COVID shutdown. A partial re-opening followed by a COVID surge. The prospect of death at any time for our loved ones or ourselves. Civil unrest. Violence in the streets. National disillusionment. Vicious politics. Dysfunctional government. National disunity. Economic collapse. Unemployment. Masks. Travel restrictions. Social distancing from friends, family, colleagues, and church. The accumulation of one bad thing after another!
Columnist Damon Linker thinks he might be suffering from Post-Traumatic Stress Syndrome. He finds that he is unable to expect good things, such as the prospect of a vaccine, and he can’t shake the premonition that something far worse is about to happen.
How can we get through all of these calamities? Christians have the consolation that their faith brings them, but that too can be hard to access. Contemporary American Christianity tends to be more oriented to the power of positive thinking and the prosperity gospel.

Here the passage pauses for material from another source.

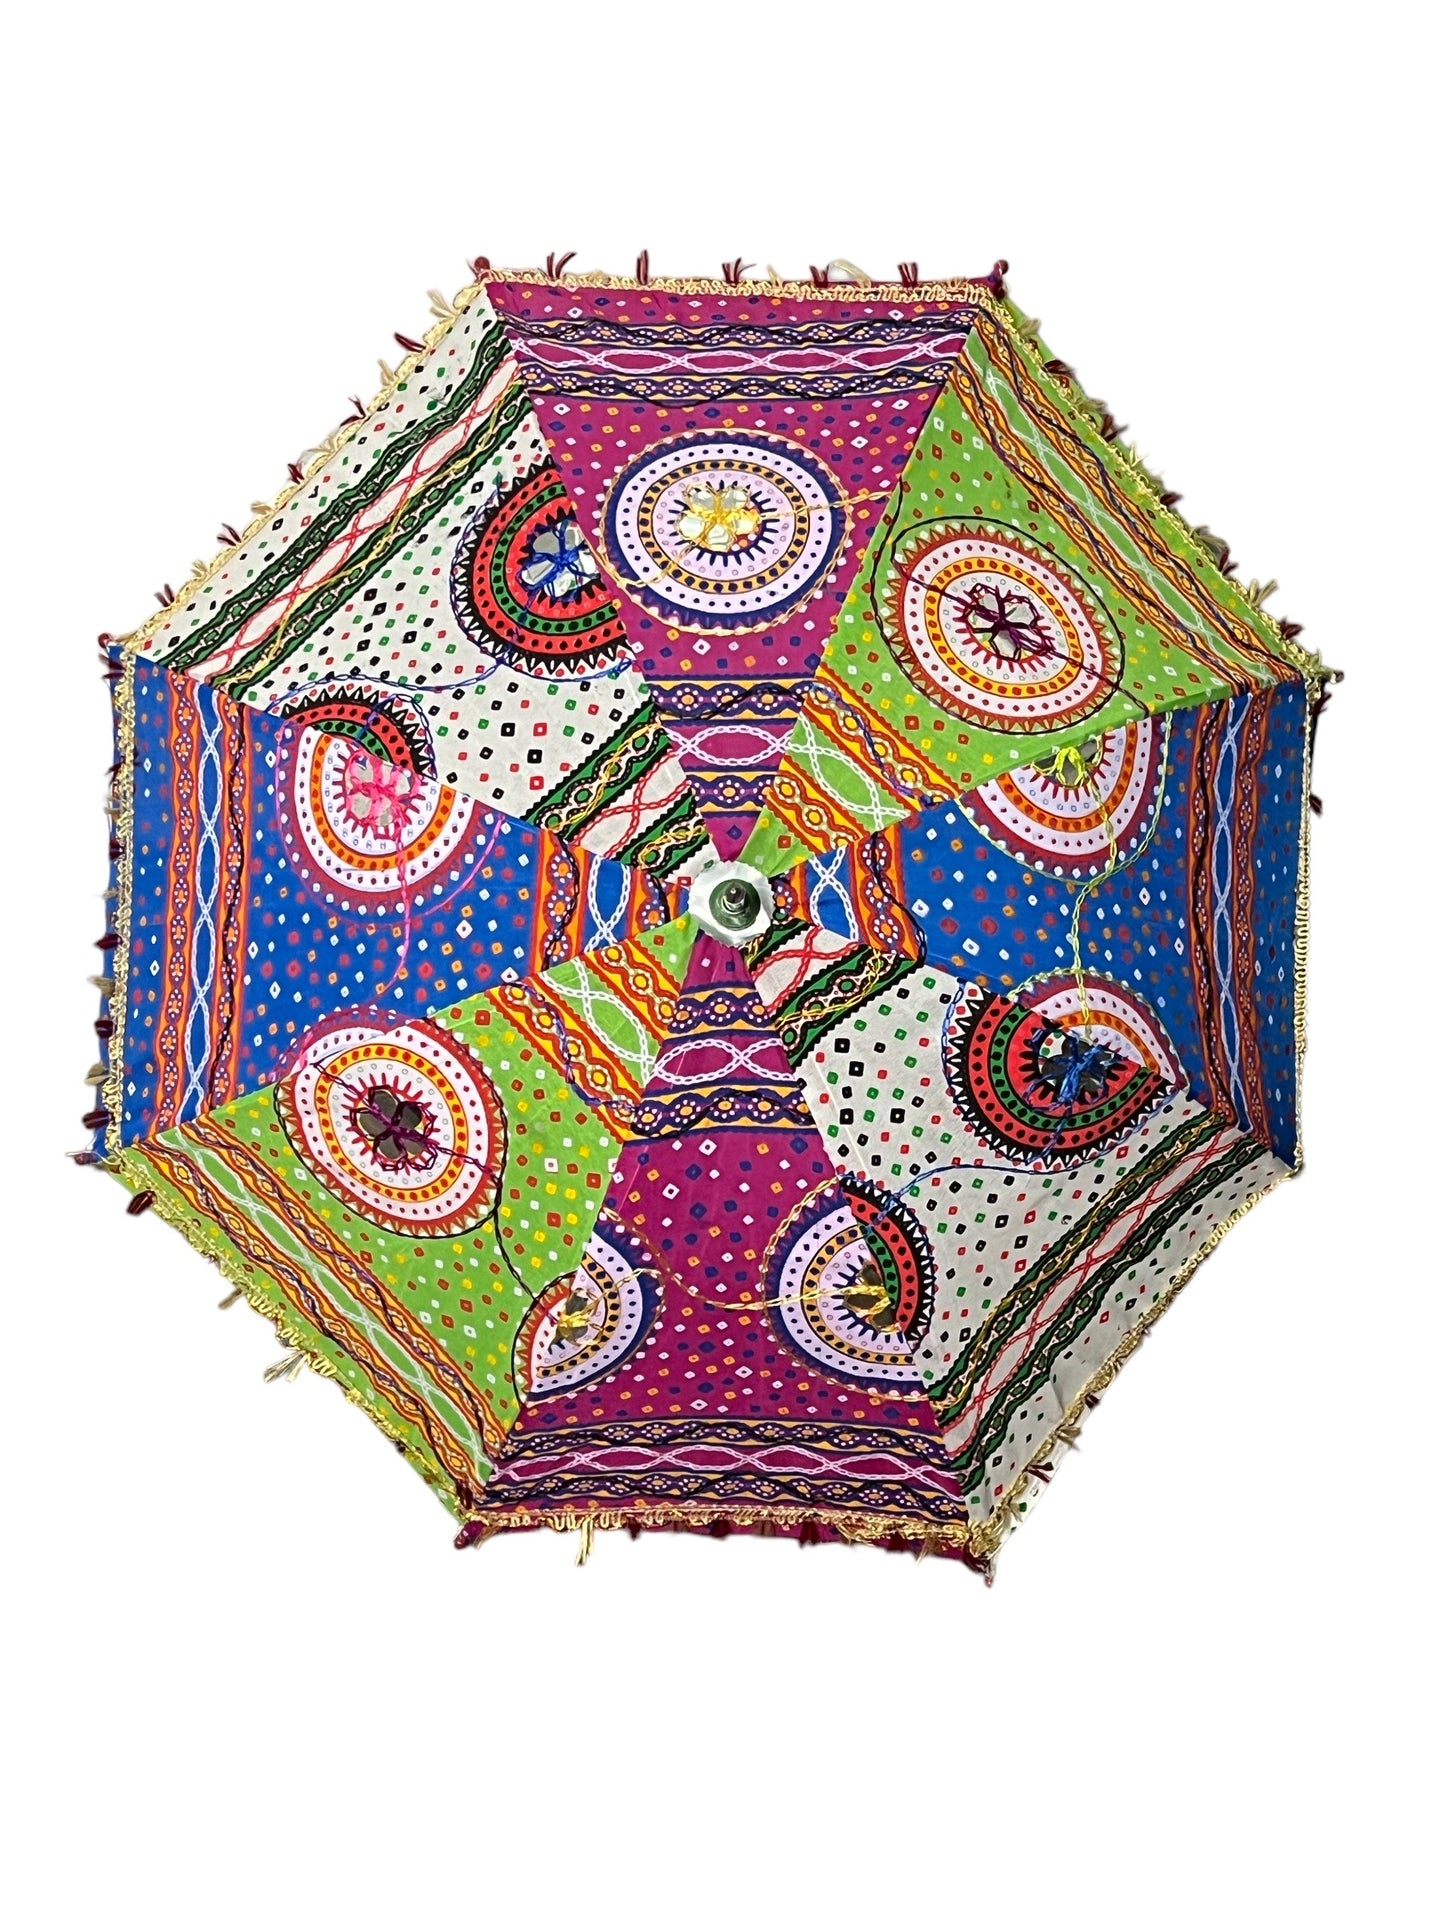 Indian Vintage Handmade Cotton Umbrellas, Indian Wedding Decorative Cotton Umbrellas, Home Decor Sun Shade Umbrellas
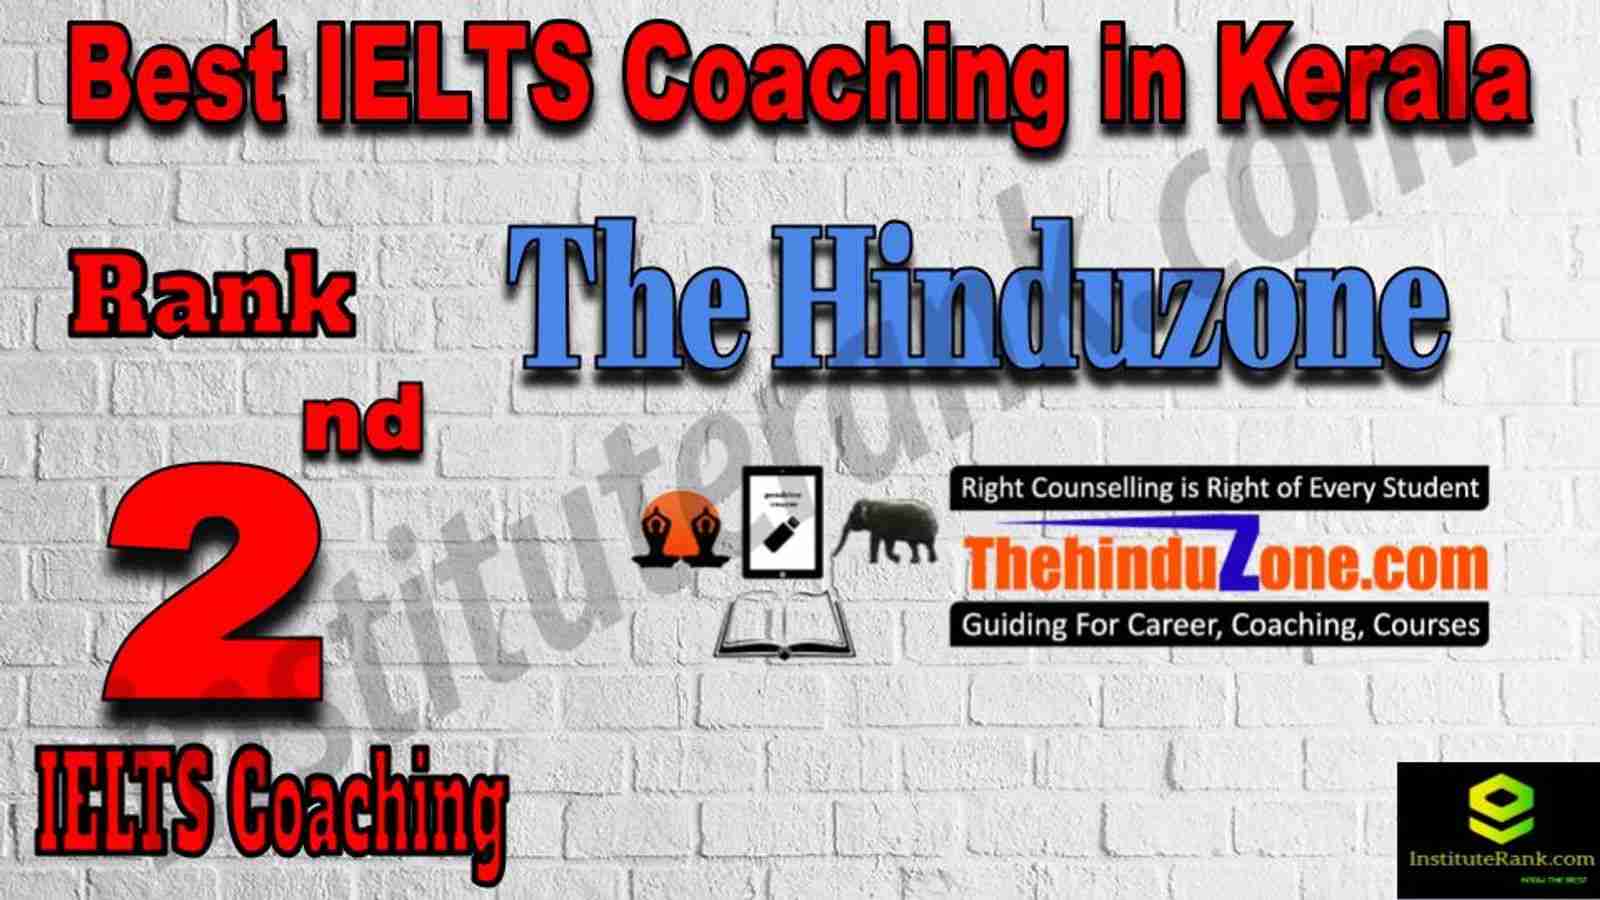 2nd Best IELTS Coaching in Kerala

Hard times pose a problem for those kinds of theologies.
The Lutheran tradition–which is pretty much the opposite of the power of positive thinking and the prosperity gospel–has much to say about suffering, failure, trials, and tribulations, and how to endure them through faith in the Cross of Jesus Christ. This isn’t so much a matter of theology as it is pastoral care. That means that you don’t have to be Lutheran to benefit from Lutheran counseling on these matters, which can be a Lutheran gift to the rest of Christendom.
And now you can access genuine help from a little book by my good friend Harold Senkbeil entitled Christ and Calamity: Grace and Gratitude in the Darkest Valley. The publisher, Lexham Press, is offering the book for free on Logos Software (go to the site for how to download that). Or you can get it on Amazon for Kindle for only 99 cents. Or as a paperback for $9.99. (That’s my choice, since this is a book to underline, go back through, re-read, and give to someone who needs it.)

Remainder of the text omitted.